INFORMATION
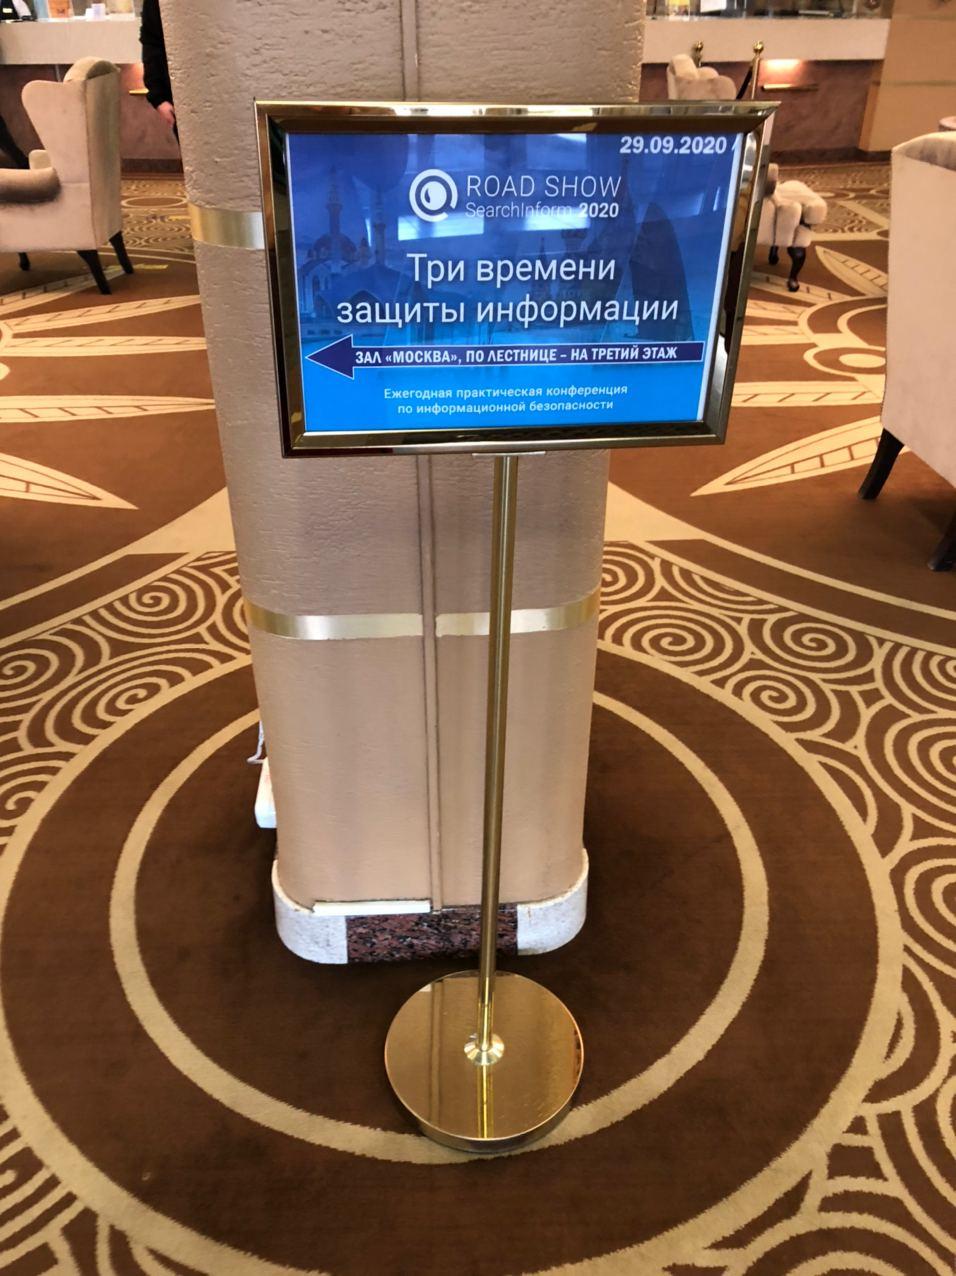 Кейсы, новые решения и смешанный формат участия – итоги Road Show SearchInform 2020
==
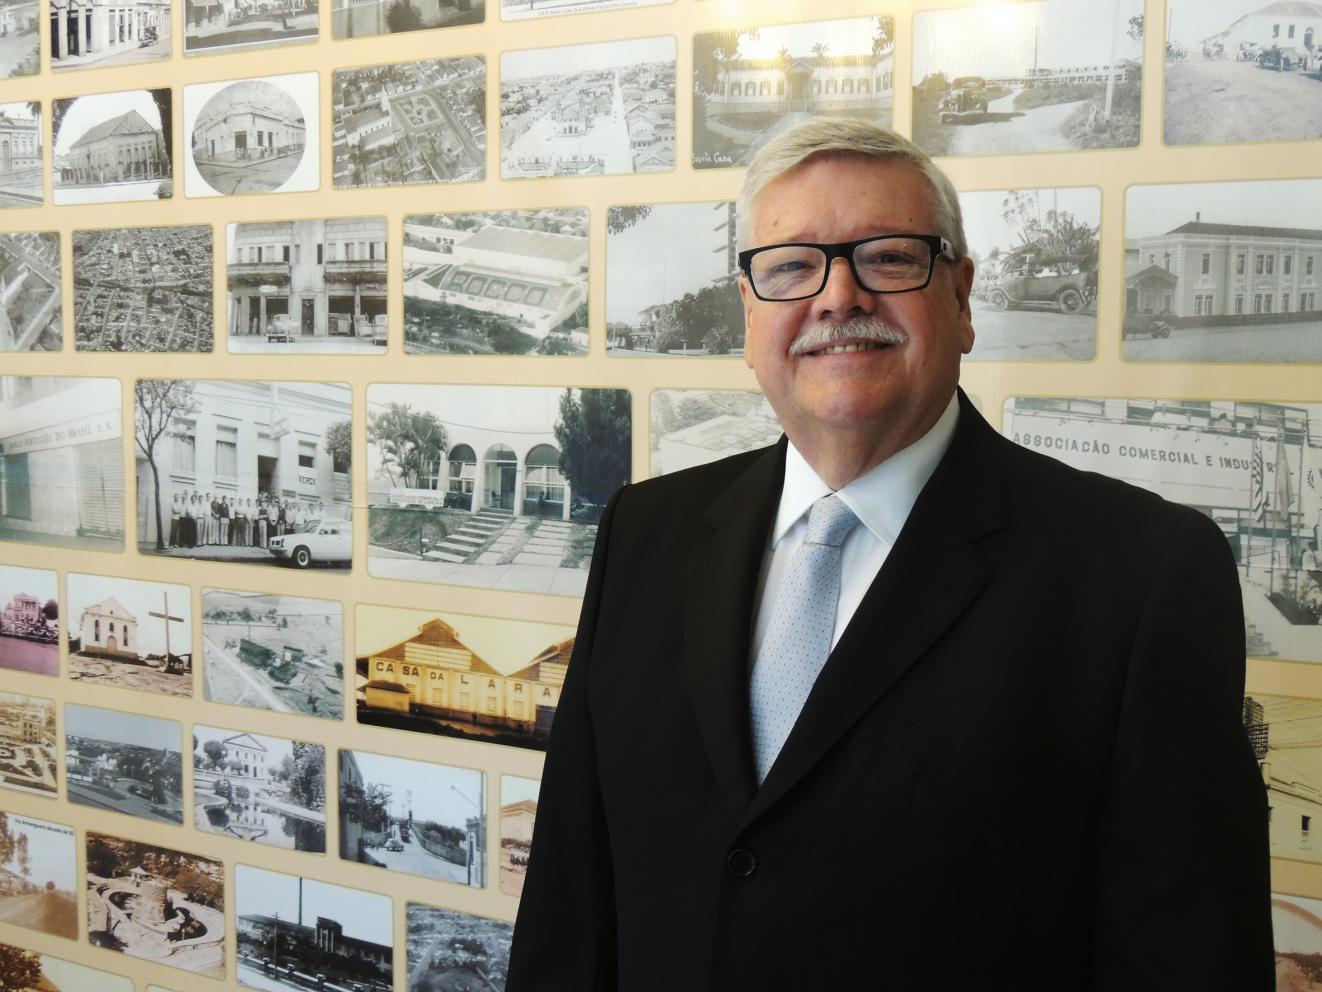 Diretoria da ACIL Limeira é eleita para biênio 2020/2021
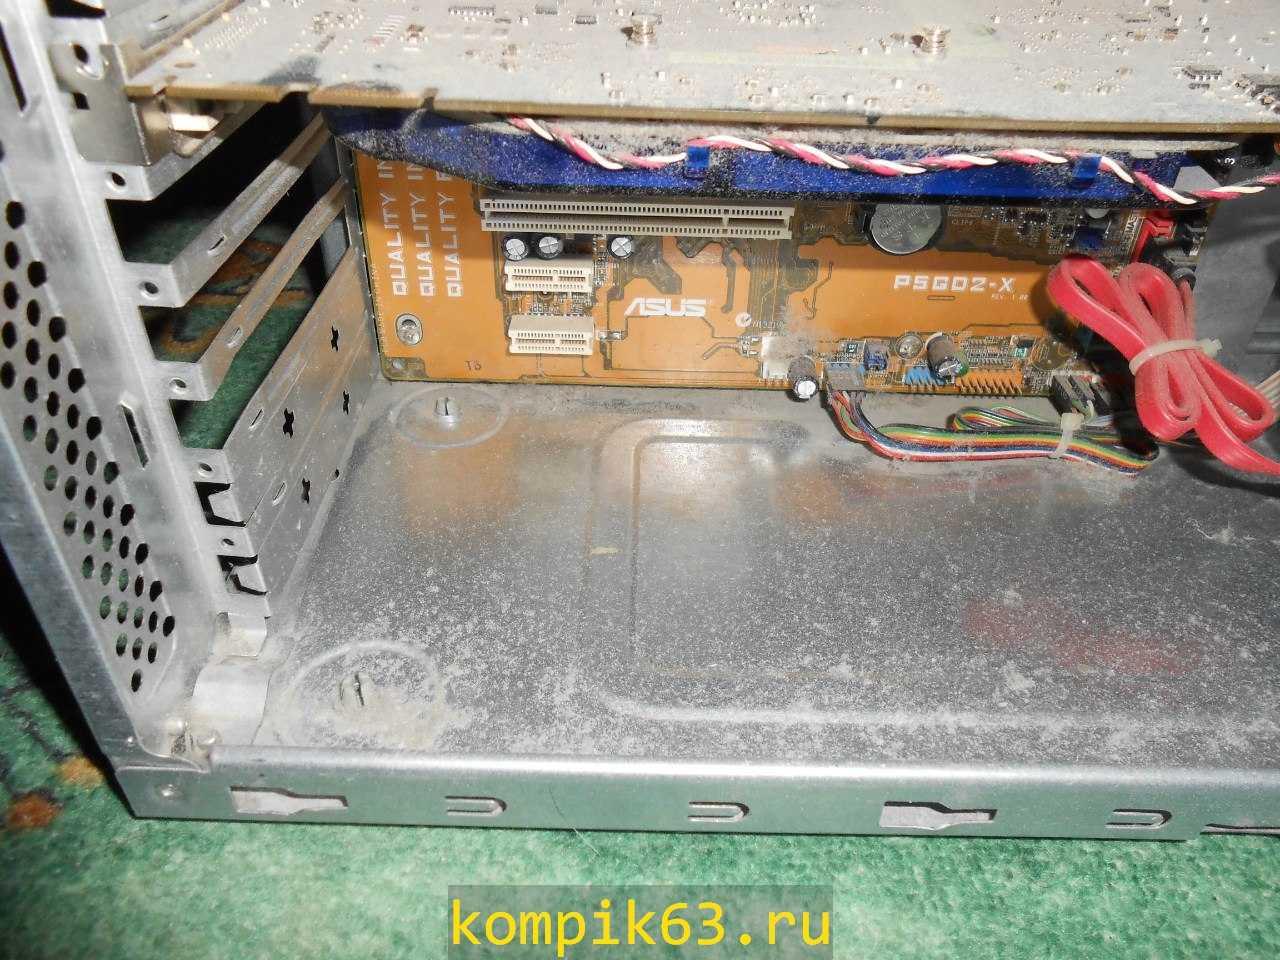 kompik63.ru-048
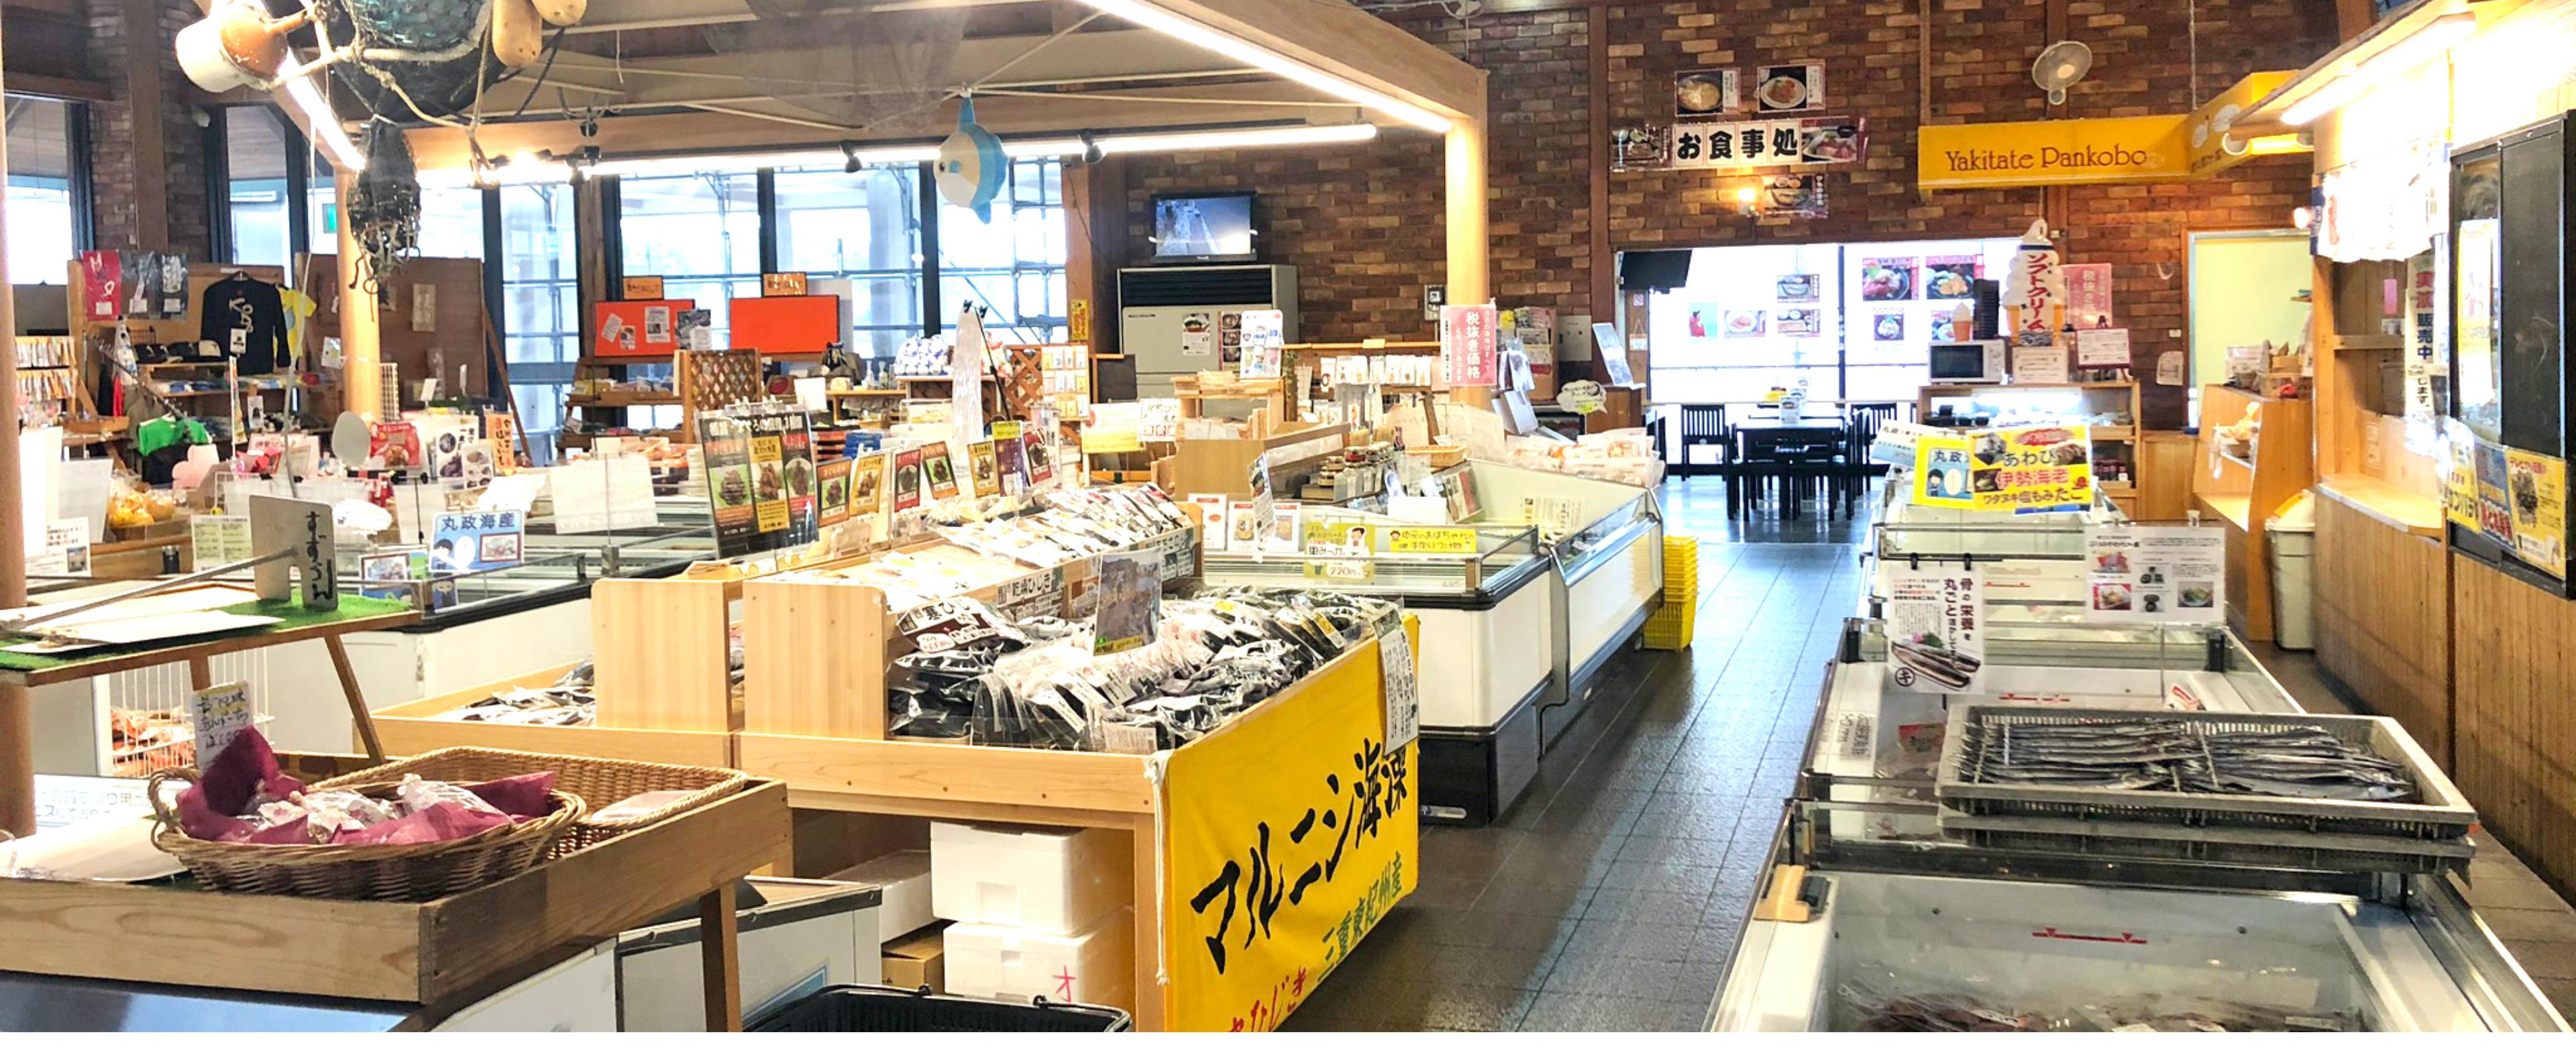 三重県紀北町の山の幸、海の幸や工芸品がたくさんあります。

PROBLEM REQUIREMENTS
From the line containing "Diretoria da ACIL" through the line containing "三重県紀北町の山の幸、海の幸や工芸品がたくさんあります。", copy every line above exactly, without pictures.

ANSWER BELOW
 Diretoria da ACIL Limeira é eleita para biênio 2020/2021
 kompik63.ru-048
 三重県紀北町の山の幸、海の幸や工芸品がたくさんあります。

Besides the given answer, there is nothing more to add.